Incidentally, this sort of issue is the sort that remains even after you have configured an x87 to use only the 53 or 24 mantissa bits that make sense to compute with the precision of double- or single-precision. Only the range of the mantissa is reduced, not that of the exponent, so numbers that would be subnormals in the targeted type are normal when represented in a x87 register. You could hope to fix them after each computation with an option such as GCC's -ffloat-store, but then they are double-rounded. The first rounding is at 53 or 24 bits, and the second to the effective precision of the subnormal.

### Double-rounding, Never!

But since overflows are much easier to handle, we can cheat. In order to make sure that subnormal results are rounded directly to the effective precision, we can bias the computations so that if the result is going to be a 63-bit subnormal, the double-precision operation produces a subnormal result already.

In practice, this means that when the OCaml program is adding numbers 1.00000000001e-152 and -1.0e-152, we do not show these numbers to the double-precision hardware. What we show to the hardware instead is these numbers multiplied by 2^-512, so that if the result need to be subnormal in the 63-bit format, and in this example, it needs, then a subnormal double-precision will be computed with the same number of bits of precision.

In fact, we can maintain this “store numbers as 2^-512 times their intended value” convention all the time, and only come out of it at the time of calling library functions such as `printf()`.

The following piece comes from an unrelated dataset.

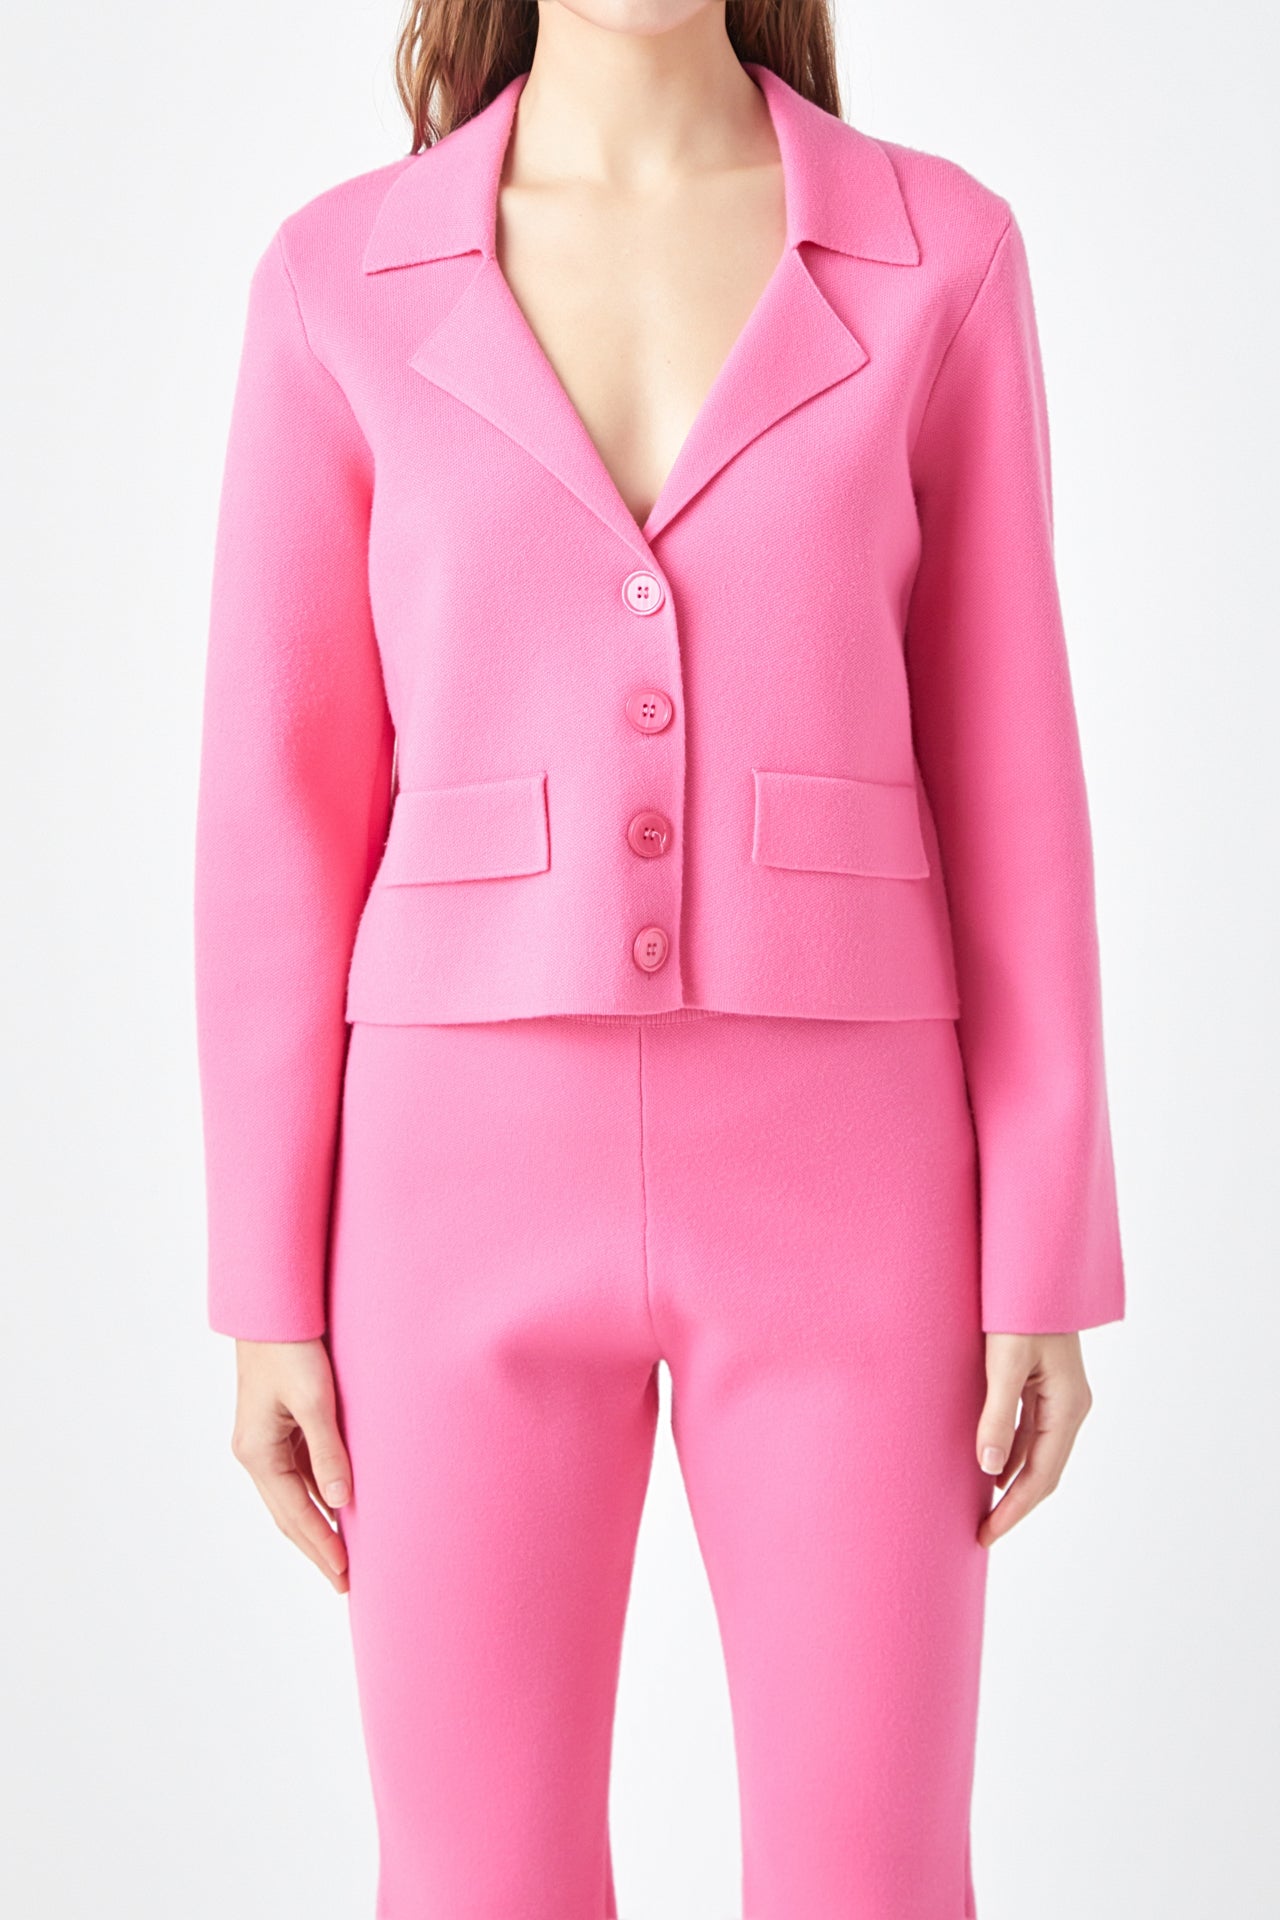 ENDLESS ROSE - Sweater Blazer - BLAZERS available at Objectrare

For multiplication of two operands represented as 2^-512 times their real value, one of the arguments needs to be unbiased (or rebiased: if you have a trick to remember which is which, please share) before the hardware multiplication, by multiplying it by 2^512.

For division the result must be rebiased after it is computed.

The implementation of the correctly-rounded function `sqrt()` for 63-bit floats is left as an exercise to the reader.

### Implementation

A quick and dirty implementation, only tested as much as shown, is available from ideone. Now I would love for someone who actually uses floating-point in OCaml to finish integrating this in the OCaml runtime and do some benchmarks. Not that I expect it will be very fast: the 63-bit representation involves a lot of bit-shuffling, and OCaml uses its own tricks, such as unboxing floats inside arrays, so that it will be hard to compete.

## Credits

I should note that I have been reading a report on implementing a perfect emulation of IEEE 754 double-precision using x87 hardware, and that the idea presented here was likely to be contained there. Google, which is prompt to point to the wrong definition of FLT_EPSILON, has been no help in finding this report again.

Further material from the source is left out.